My plot is small, but it’s enough to keep me busy for now. Out came the garlic, which was distributed on drying racks before it goes into storage. I mulched with a generous layer of organic compost before setting my new Musselburgh leeks into place. They’ll hopefully be big enough to harvest over the winter, when steaming bowls of homemade leek and potato soup will keep our bellies warm and full.

I worked quickly, and weeded and heavily mulched a small strip of the plot that had been unoccupied so far this year, and threw in a few seed potatoes that had been soaking up the sun on my kitchen windowsill since about January. I’ve been told on good authority that it’s still fine to get potatoes growing now… maybe we’ll have some fine freshly dug spuds ready for roasting at Christmas?

Lastly, I’ve managed to start thinning out my wonky rows of Autumn King carrots, which have been thriving alongside my nasturtiums, chives and shallots. And what a delight… the baby and I both enjoyed freshly cooked baby carrots for dinner that night. Already bursting with flavour, they’ll be ripe for pulling for the table from September.

I won’t lie; I’ve been having a really tough time recently, probably mostly self-perpetuated but nevertheless it’s left me feeling like I’m struggling to tread water. The garden has helped me get back on more of an even keel. I’m very much aware of still how much I need this in my life – the pottering, the planting, the harvesting. Perspective.
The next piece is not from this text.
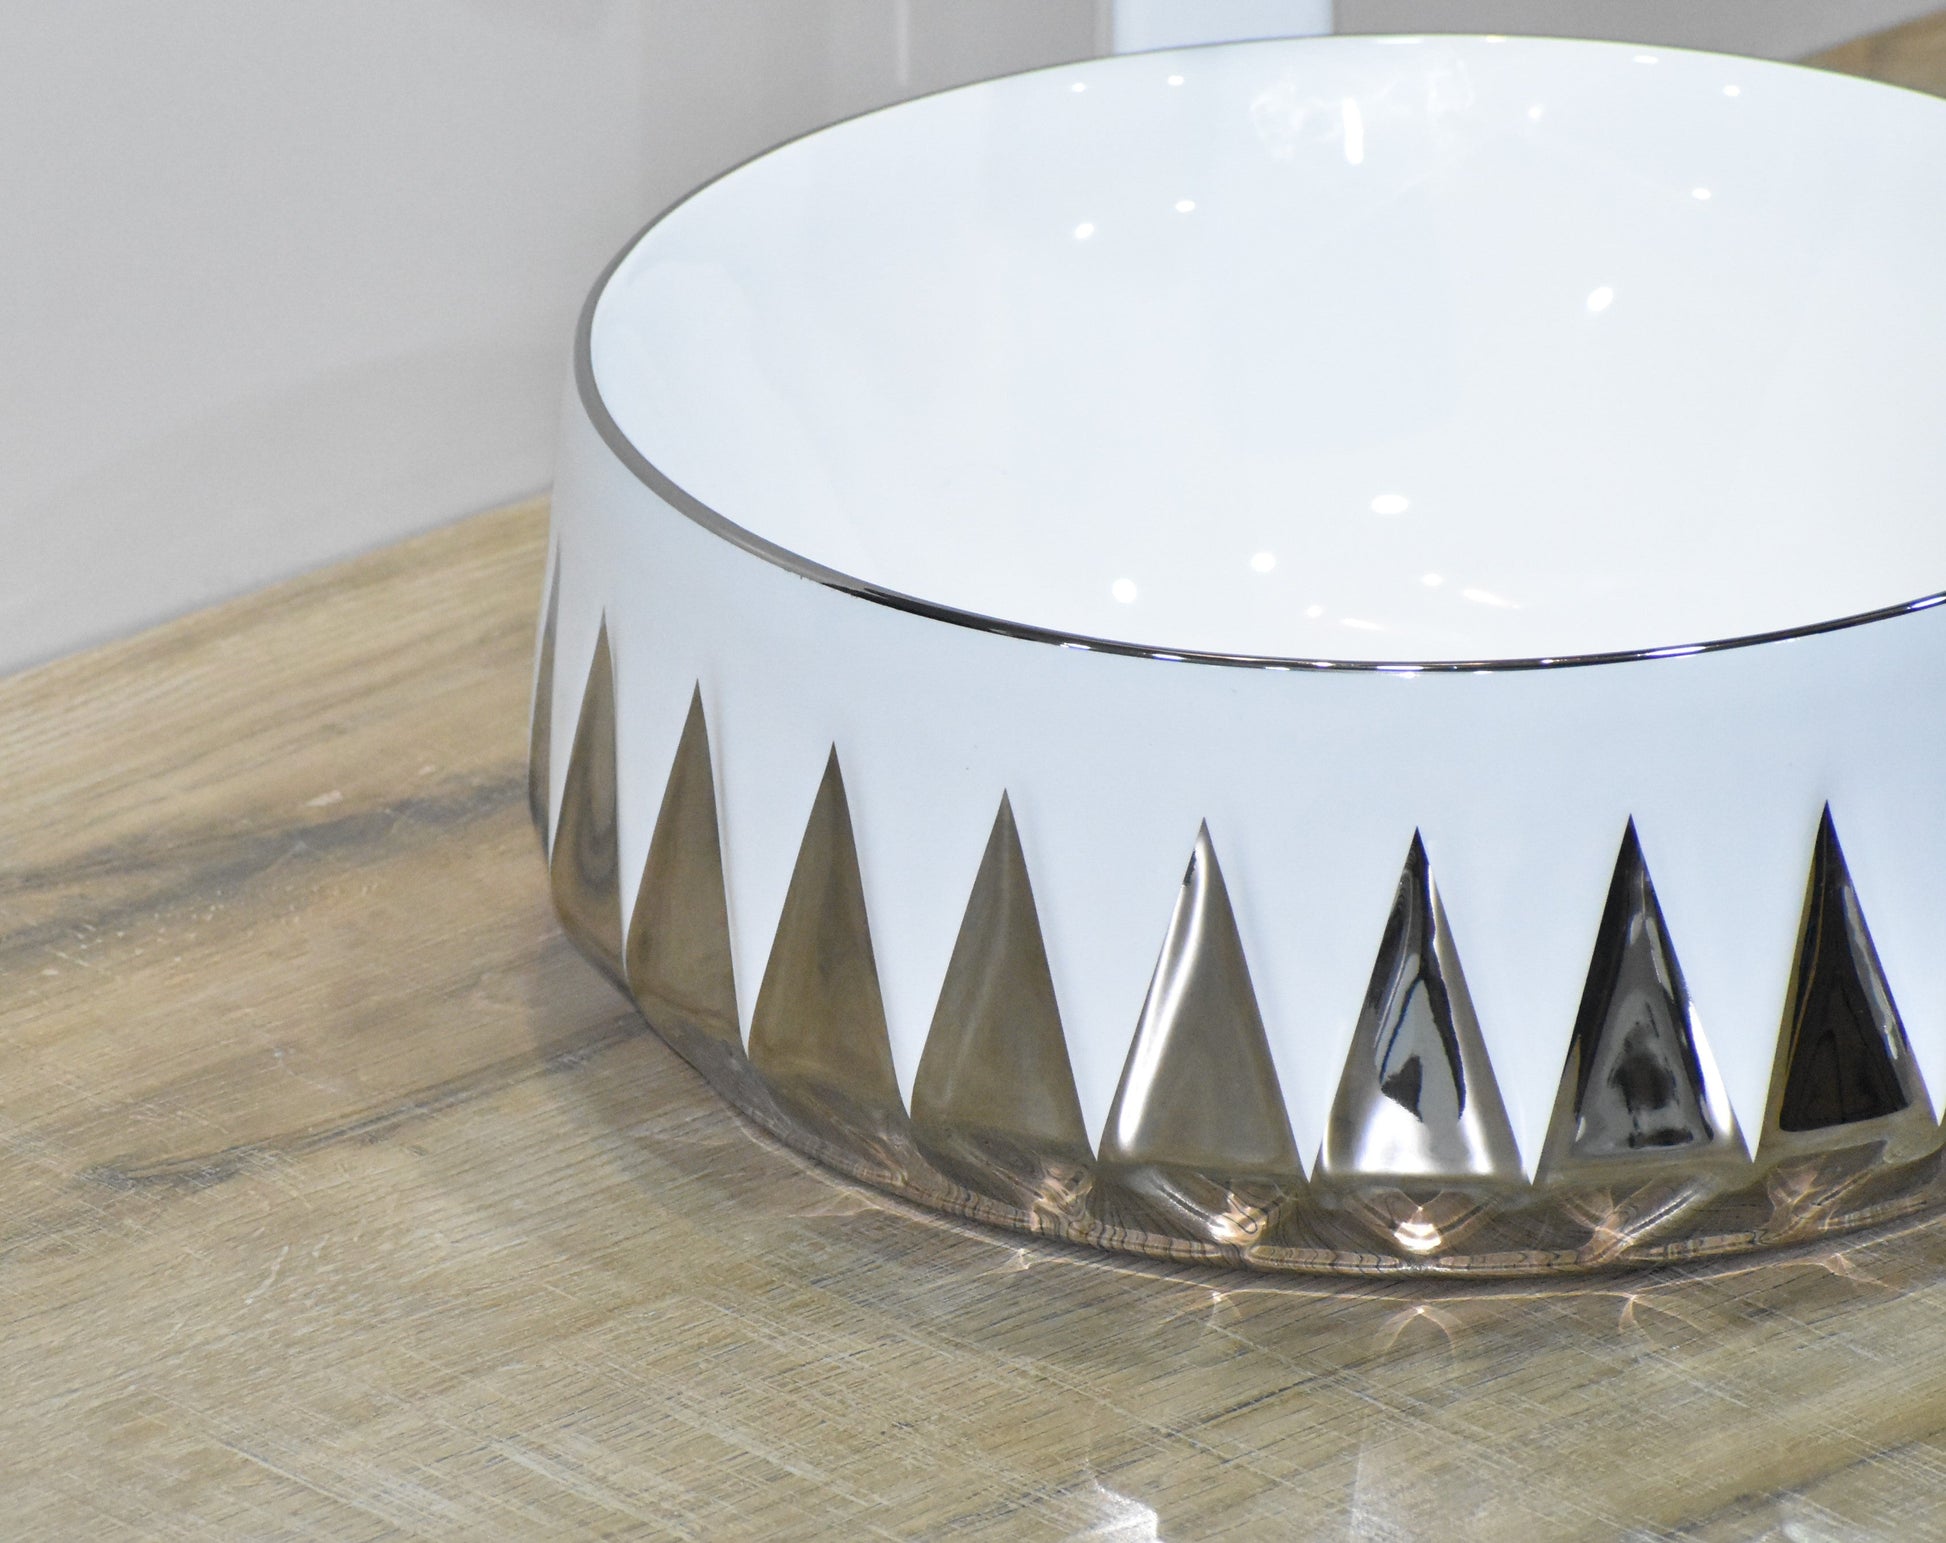 InArt Ceramic Counter or Table Top Wash Basin 36x36 CM Silver Color - InArt-Studio

Thinning out Autumn King carrots

Bunch of carrots
For me, the Autumn King carrot is truly a regal offering from the veg plot. It’s always been a winner; a reliable grower with strong, straight roots with plenty of flavour.

Last night I began thinning my carrots out from a thriving patch of haphazardly sown seed. The carrots are approaching maturity and size ready for harvest – maybe they’ve got another 3-4 weeks to go before they’re really ready –  but even the thinned out baby carrots were a decent size.

And the scent as they were pulled from the earth! There’s nothing quite like it.

Little E loved the cooked carrots with her dinner, eating the whole lot along with some other fresh veggies and mashed potato. That’s always been part of my dream – to provide homegrown, fresh organically grown food for my family.

And if our little venture (see previous blog post) comes into fruition, I might be able to start making a little living off the land too.